Add Stage 1 metadata. Prints the new `record_id` on success. `unique_id` is derived from `source+baslik+kategori` (lowercased, spaces removed) and must be unique.

```
dscli add --source <slug> --baslik <title> --kategori <0-6> --kaynak_url <url>
```

**Examples:**
```bash
dscli add --source sabah --baslik "Ekonomide son gelişmeler" --kategori 1 --kaynak_url "https://www.sabah.com.tr/ekonomi/..."
dscli add --source hurriyet --baslik "Fenerbahçe şampiyon" --kategori 2 --kaynak_url "https://www.hurriyet.com.tr/sporarena/futbol/..."
```

---

### `update`

Fill Stage 2 content fields for a metadata record.
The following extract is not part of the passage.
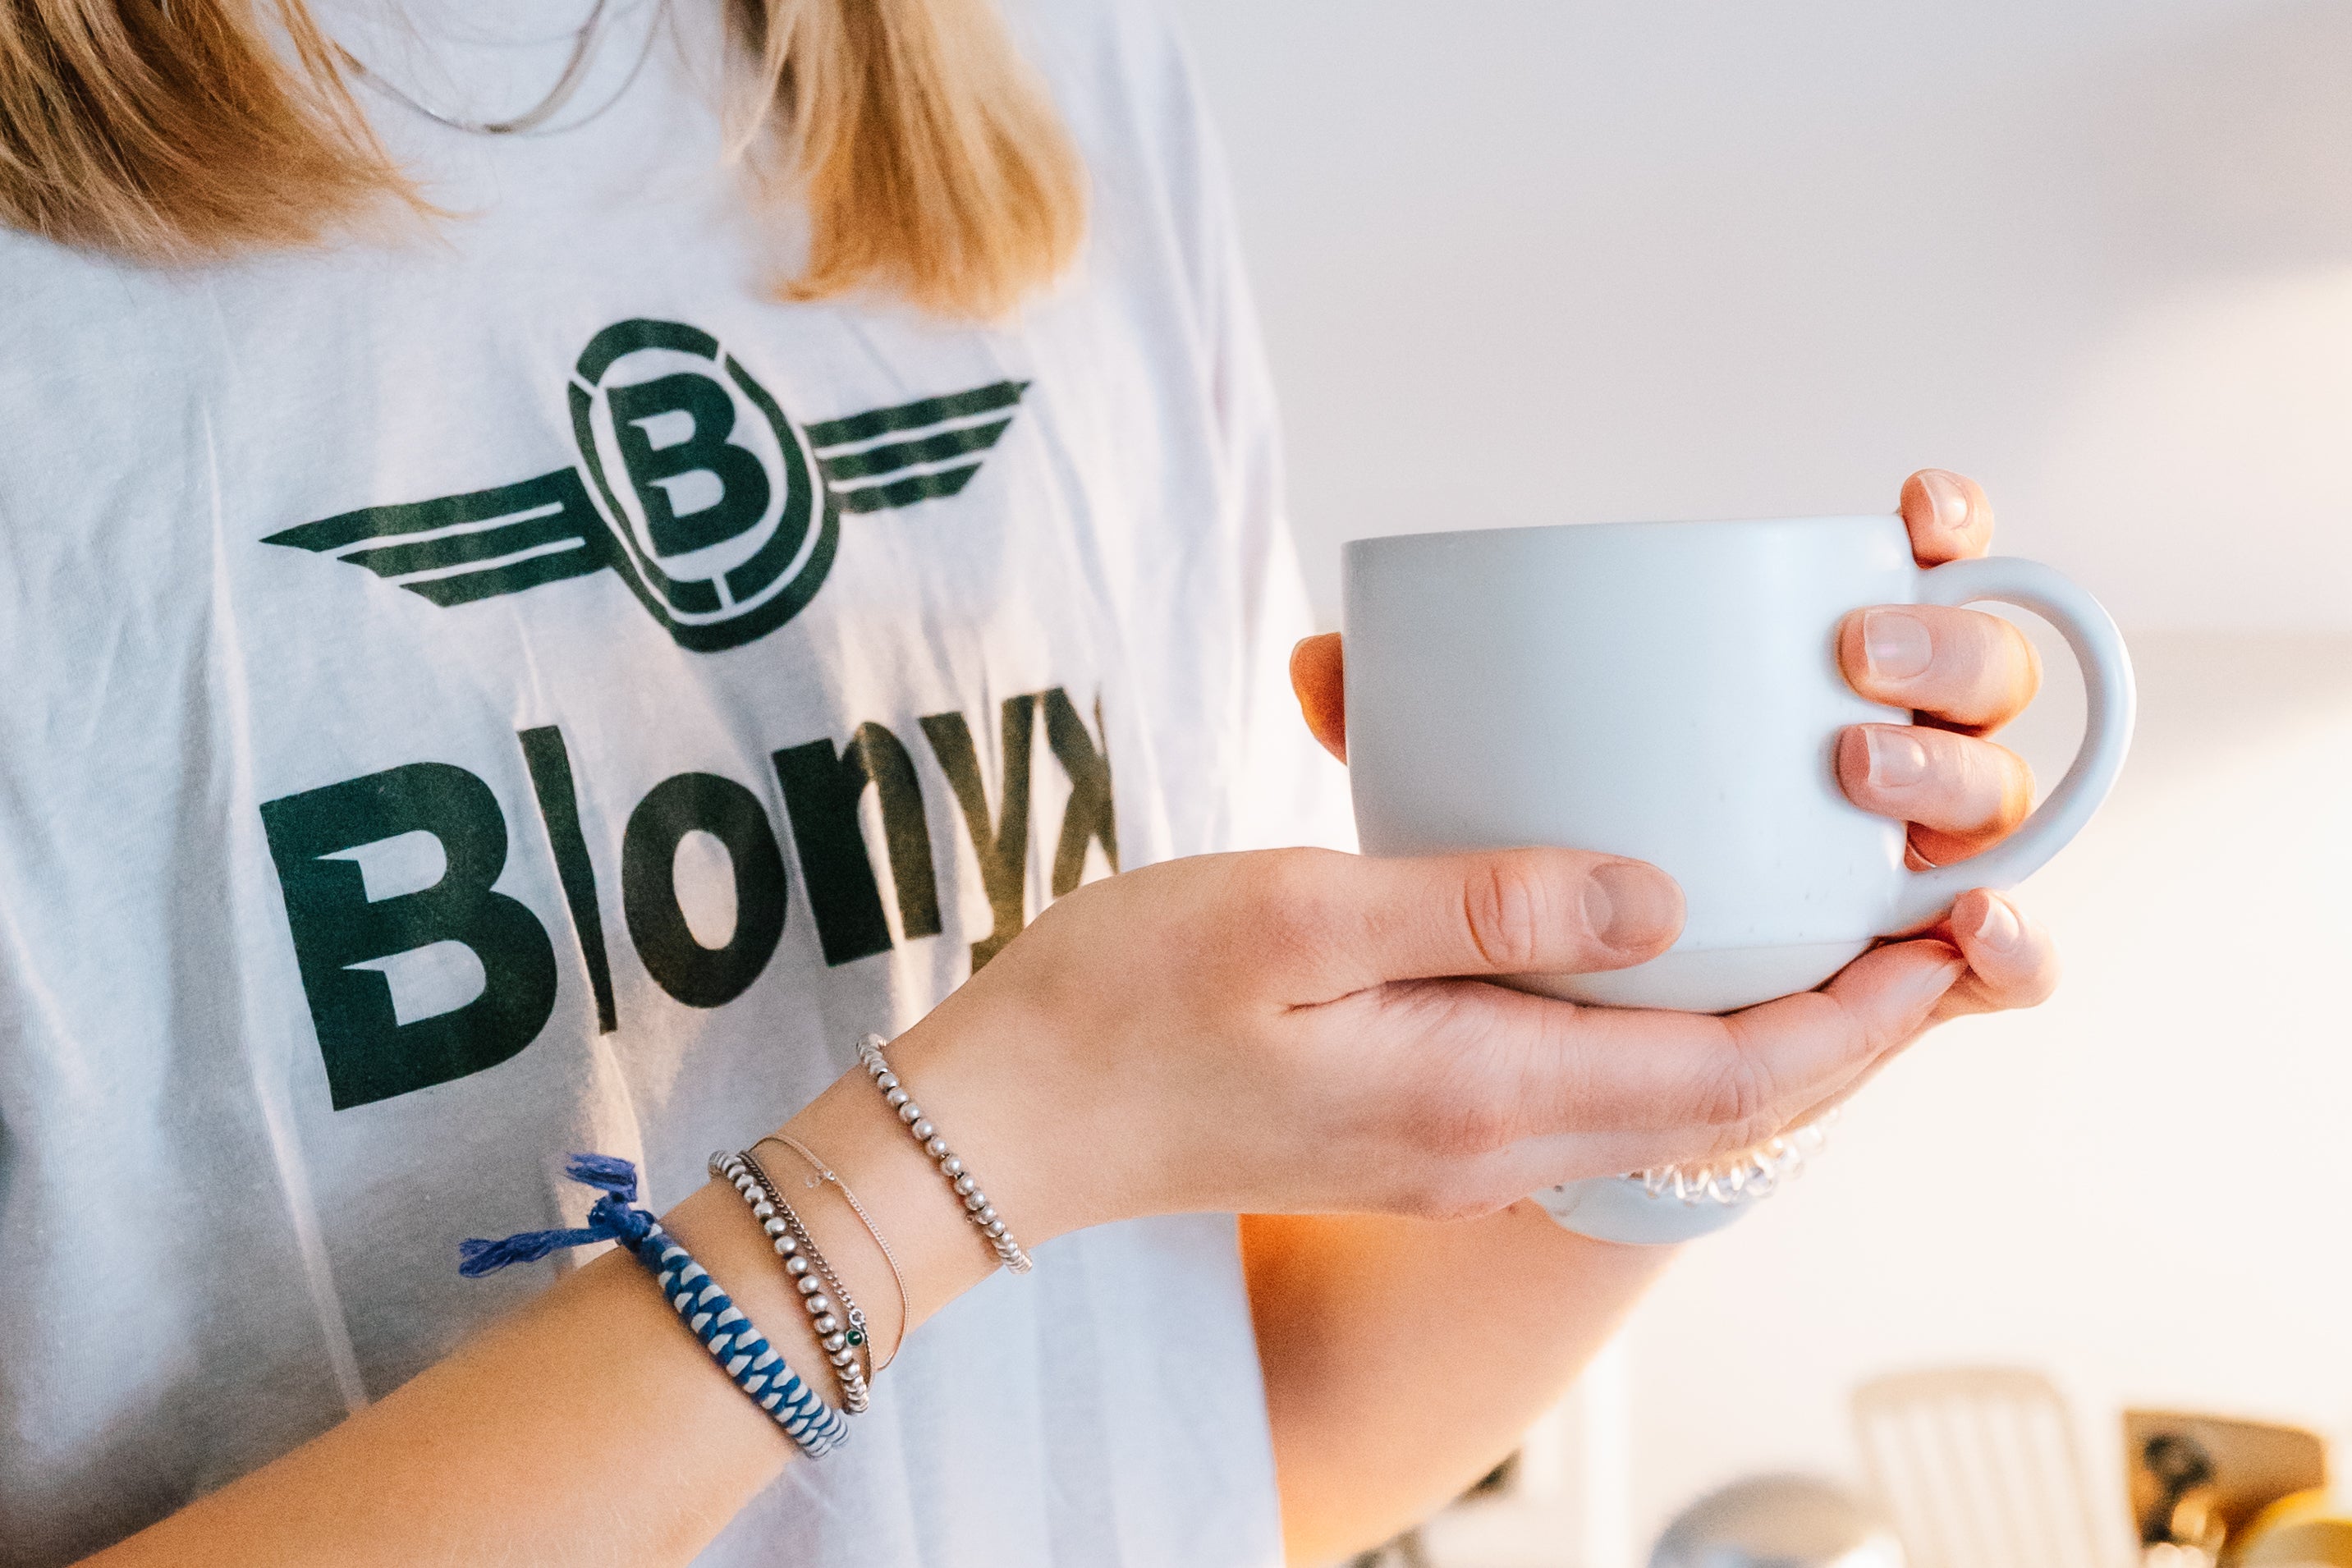 Woman holding a mug of coffee in a Blonyx shirt

Cannot update already-filled or soft-deleted records.

```
dscli update --record_id <uuid> --ozet <text> --icerik <text> --yayim_tarihi <date>
```

**Examples:**
```bash
dscli update \
  --record_id 550e8400-e29b-41d4-a716-446655440000 \
  --ozet "Kısa açıklama metni" \
  --icerik "Temizlenmiş makale içeriği..." \
  --yayim_tarihi "2026-01-15"
```

---

### `delete`

Soft-delete a single record (excluded from `list` and `dump`).

```
dscli delete --record_id <uuid>
```

**Examples:**
```bash
dscli delete --record_id 550e8400-e29b-41d4-a716-446655440000
```

---

### `bulk_delete`

Soft-delete up to 16 records at once with comma-separated IDs.

```
dscli bulk_delete --record_ids "<uuid1>,<uuid2>,..."
```

**Examples:**
```bash
dscli bulk_delete --record_ids "uuid1,uuid2,uuid3"
```

---

### `dump`

Export non-deleted records to CSV or JSONL.

```
dscli dump --source <slug|all> --format <csv|jsonl> --path <output-file>
```

| Option   | Description                               |
|----------|-------------------------------------------|
| --source | Source slug (sabah, hurriyet, sozcu) or `all` |
| --format | `csv` or `jsonl`                          |
| --path   | Output file path (relative or absolute)   |

**Examples:**
```bash
# Export all sources as JSONL
dscli dump --source all --format jsonl --path ./export.jsonl

# Export only sabah as CSV
dscli dump --source sabah --format csv --path ./sabah.csv
```

---

## Target Counts Per Source

| Kategori     | sabah | hurriyet | sozcu |
|--------------|-------|----------|-------|
| POLITIKA (0) | 80    | 80       | 80    |
| EKONOMI (1)  | 72    | 72       | 72    |
| SPOR (2)     | 72    | 72       | 72    |
| SAGLIK (3)   | 72    | 72       | 72    |
| KULTUR_SANAT (4) | 72 | 72      | 72    |
| DUNYA (5)    | 72    | 72       | 72    |
| TEKNOLOJI (6)| 108   | 0        | 108   |

> Hürriyet does not offer a usable Teknoloji feed. Sabah and Sözcü each provide 108 items for TEKNOLOJI to compensate, making the total 216 (balanced across the dataset).